(ARTICLE 1 in the Series)
The Rise of Big Data
Big Data technologies made it possible for enterprises to capture and integrate diverse sets of data. They were no longer constrained to the data warehouses for analytics and reporting. Big Data allowed the integration of third-party syndicated data sets and social media data such as tweets and blogs. In addition, it helped break down silos between the various divisions within the enterprise, democratizing data access and help gain new insights from data.
The enriched big data sets can be used not just to understand the past, but make predictions about the future – which customers are likely to churn, which customers/equipment are most likely to generate new claims, which products are the most likely to succeed, etc.
We are now in the next wave of deriving value from data using AI-powered applications. The big breakthrough for this wave is the ability to use AI-powered neural networks to solve a wide variety of problems including autonomous driving vehicles, natural language understanding, image recognition, etc. Translating these technological advancements to real business use cases will result in significant operational benefits – reducing cost, providing faster customer service while creating new business models and sources of revenue.
Let’s look at some of the use cases for AI in insurance.
Underwriting or new application processing is the first pillar in any type of insurance – namely, processing applications for new insurance policies. The process can be complicated depending on the type, size, prior history and other components of the application to evaluate the risk and enroll the client. It involves communication among multiple parties – the client, agent, and underwriter. This is traditionally a manual process as it involves a review of many different types of documents from diverse carriers with no standardization that allows easy automation. Further, many carriers still receive paper documents that are faxed or scanned (or worse – sent via snail mail !)
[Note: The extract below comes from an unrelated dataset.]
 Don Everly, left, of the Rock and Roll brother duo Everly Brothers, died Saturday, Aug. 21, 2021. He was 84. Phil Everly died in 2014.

AI-powered systems can help this step in multiple ways:
- Natural Language Processing (NLP) systems and chatbots and streamline communication between the parties
- AI-driven document extraction systems (Docu-AI) can automate the processing of the various documents using AI and Big Data
- Data from documents can then be analyzed by AI-powered analytics to help the underwriter assess risk
Claims processing forms the core of the business for insurance carriers. When a claim is processed in a timely manner, it improves customer satisfaction and retention. Simultaneously, the processing has to minimize financial loss due to fraud or other factors to maximize profitability. Most companies have focused their energies on improving the claims process using technology.
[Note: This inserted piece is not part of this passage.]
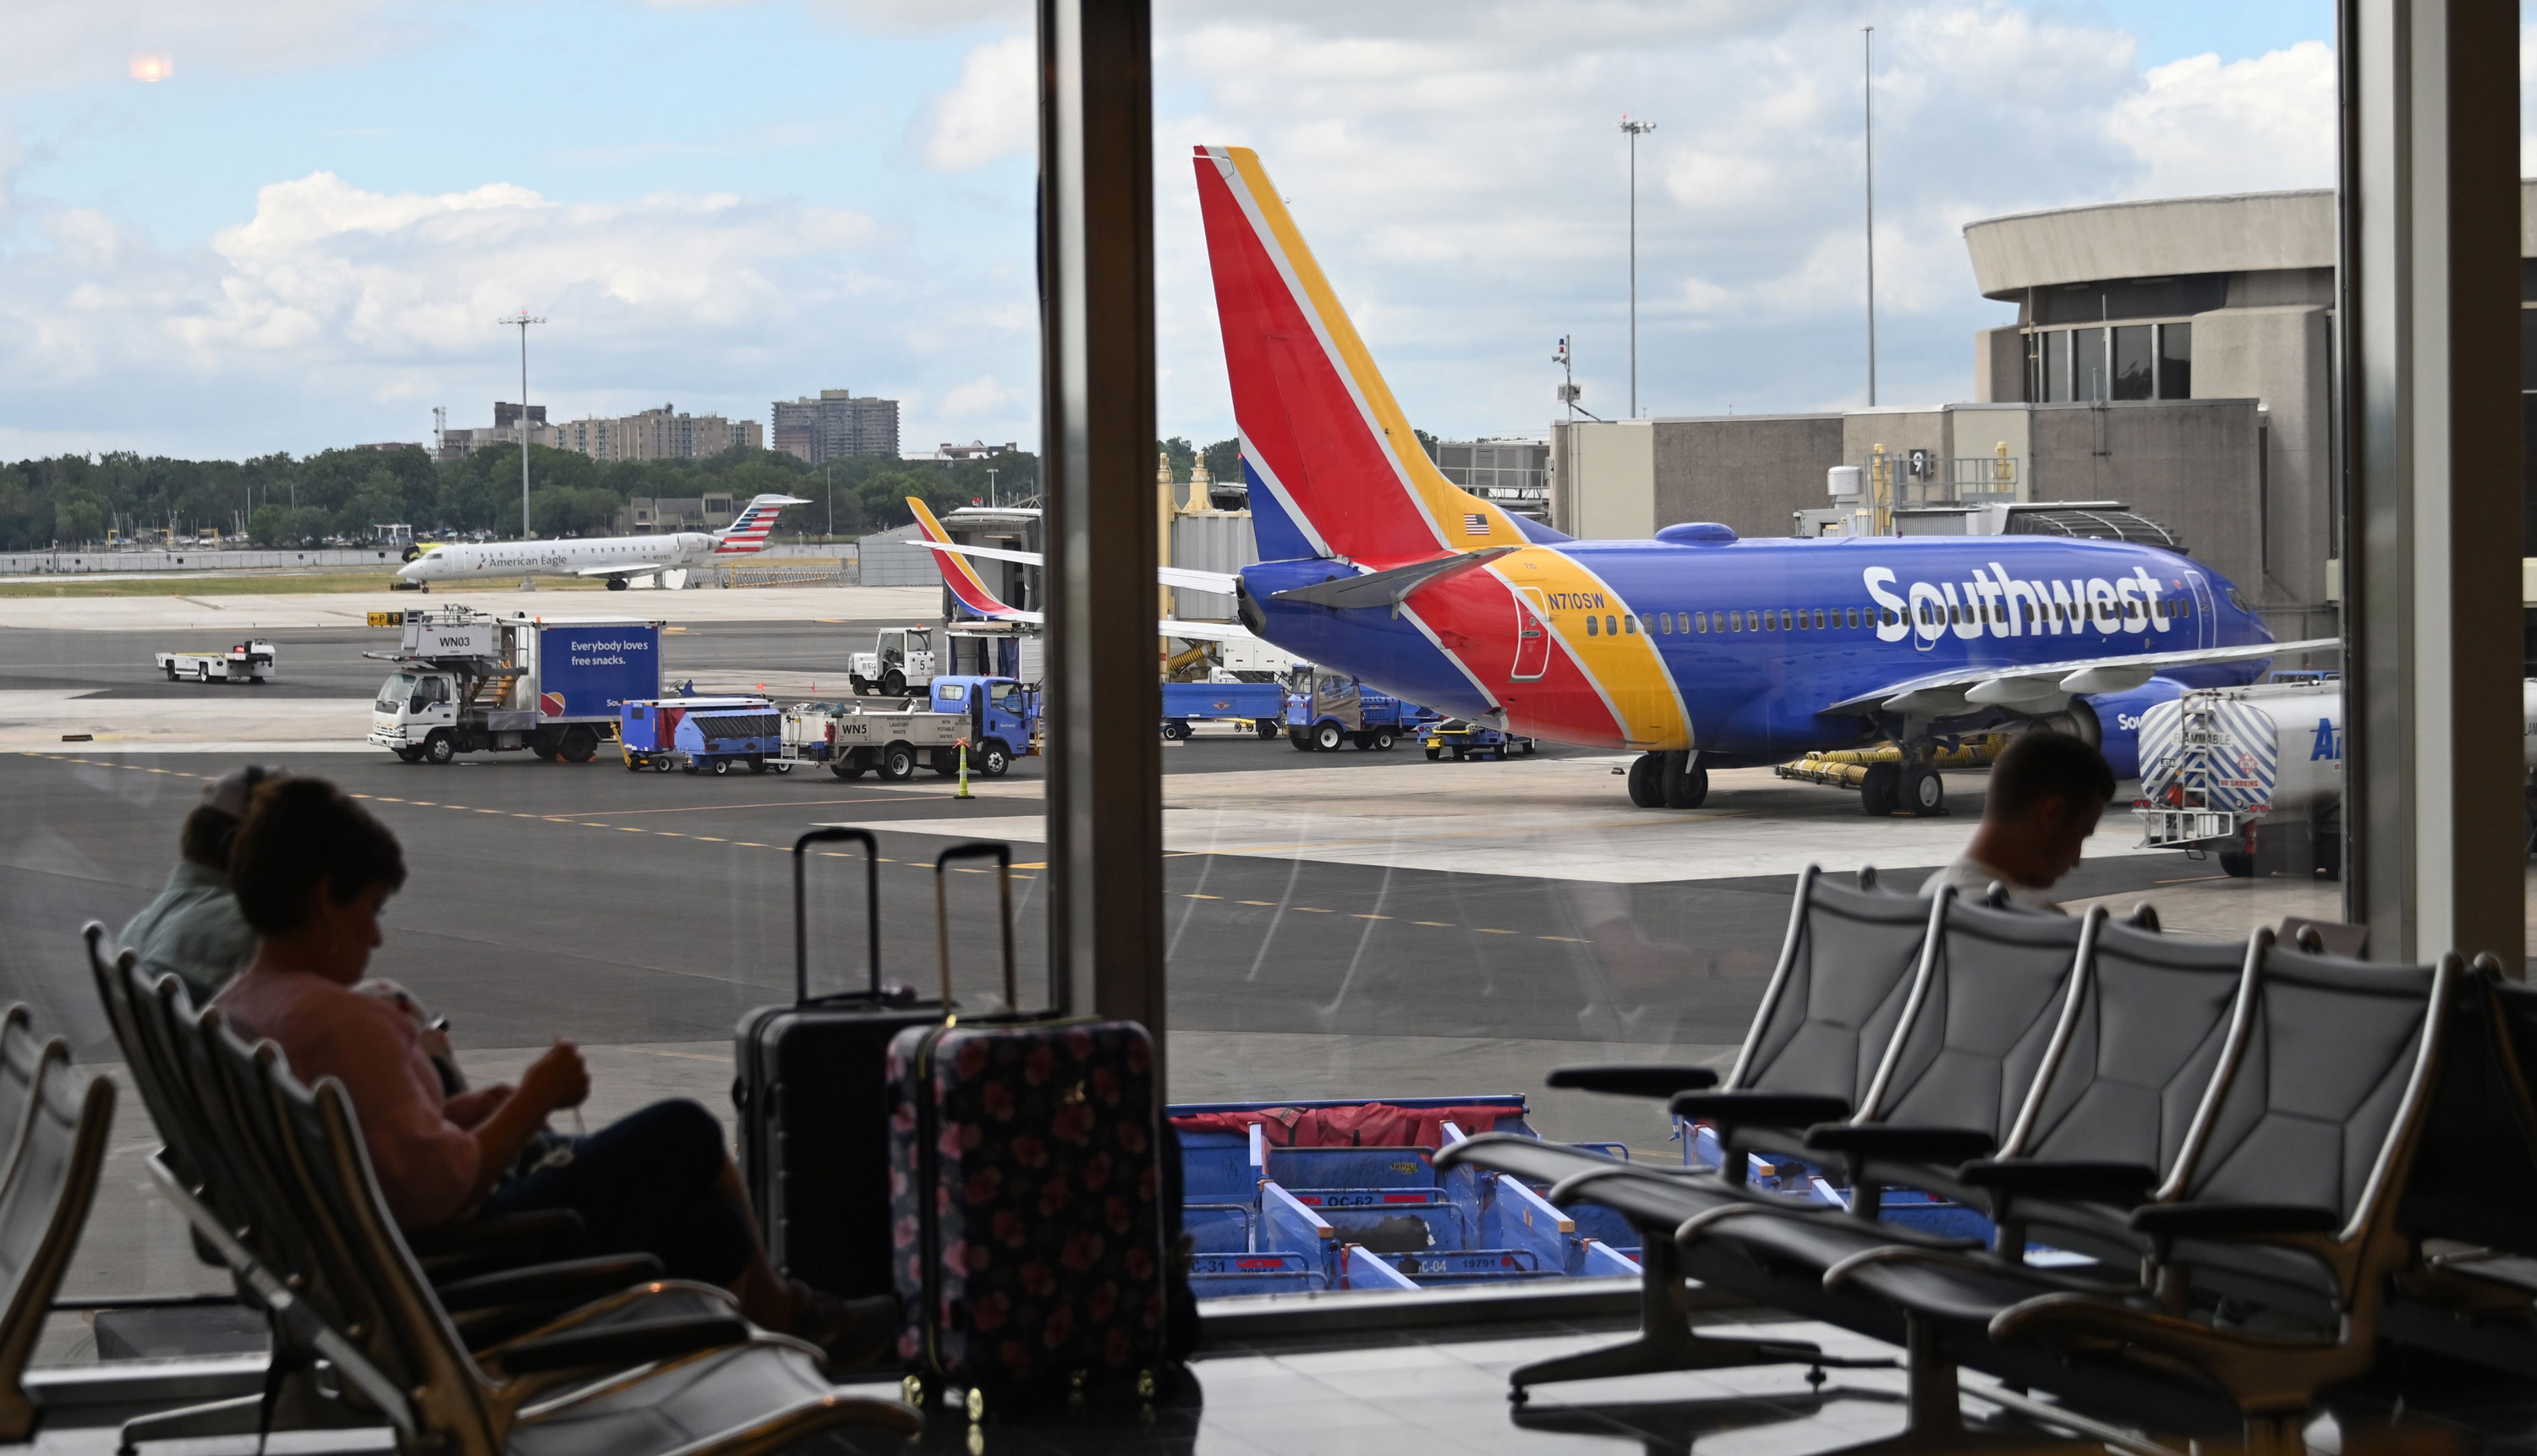 A Southwest Airlines plane is seen from a terminal at Ronald Reagan Washington National Airport on July 10 in Arlington, Virginia.

Many software applications already automate workflows ensuring timely processing and smooth communication with all parties involved. Mobile apps allow users to easily submit claims along with documentation such as photos of the incident, claim form, invoices, etc.
Yet, main parts of the process are heavily manual. Claims adjusters have to frequently go out in the field to make assessments. Even in the case of smaller claims, the adjuster may manually review documents and photos.
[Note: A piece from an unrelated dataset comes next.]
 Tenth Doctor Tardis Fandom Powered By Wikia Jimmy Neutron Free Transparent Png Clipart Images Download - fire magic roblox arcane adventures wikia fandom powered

How can AI-powered systems help claims processing?
- Image recognition algorithms can help identify and automatically categorize various pieces of information in claim evidence photos such as license plates of vehicles, insurance cards, various types of damages, etc.
- AI-driven document extraction systems (DocuAI) can automate analysis and categorization of line items in medical records, body shop estimates, contractor reports, etc. Using NLP and Deep learning techniques allows these systems to recognize a wide variety of content.
- Robotic Process Automation (RPA) can automate many parts of the processing workflow along with 1) and 2) above
Fraud detection is usually a part of claim processing to ensure that no opportunistic fraud has taken place. The biggest loss for insurance companies is due to fraud. Many larger carriers already use predictive analytics to help identify potential fraud in claims. These Machine Learning models use not just a carrier’s own data but also shared databases across companies to flag potential fraud.
AI-powered systems can take this a step further. They can use the vast amounts of accumulated data and images to detect more subtle instances of fraud as well as previously intractable ones. With the cost of running these models dropping dramatically, even small claims can be analyzed to detect patterns.
Improving customer service is the goal of every organization. With Big Data and AI, it is possible to automate the analysis of customer service calls and emails allowing customer service agents to proactively address complaints and issues.
AI-driven chatbots are now pervasive on websites and web portals. They provide an easy way of answering customers’ questions while reserving human interaction to handle more complex issues. Mobile apps with the ability to answer spoken natural language queries are now possible using technologies like Siri, Alexa and the same knowledge base used by chatbots and customer service agents.
New Business Models
With IoT enabling the gathering of fine-grained data (how many do I drive every day, what is the average trip, how many hours is the property unoccupied), insurance companies are seizing the opportunity to come up with new ways of underwriting policies. AI-powered systems can provide better risk analysis for determining premiums resulting in new personalized products. These new products can be provided at attractive premiums, driving new business.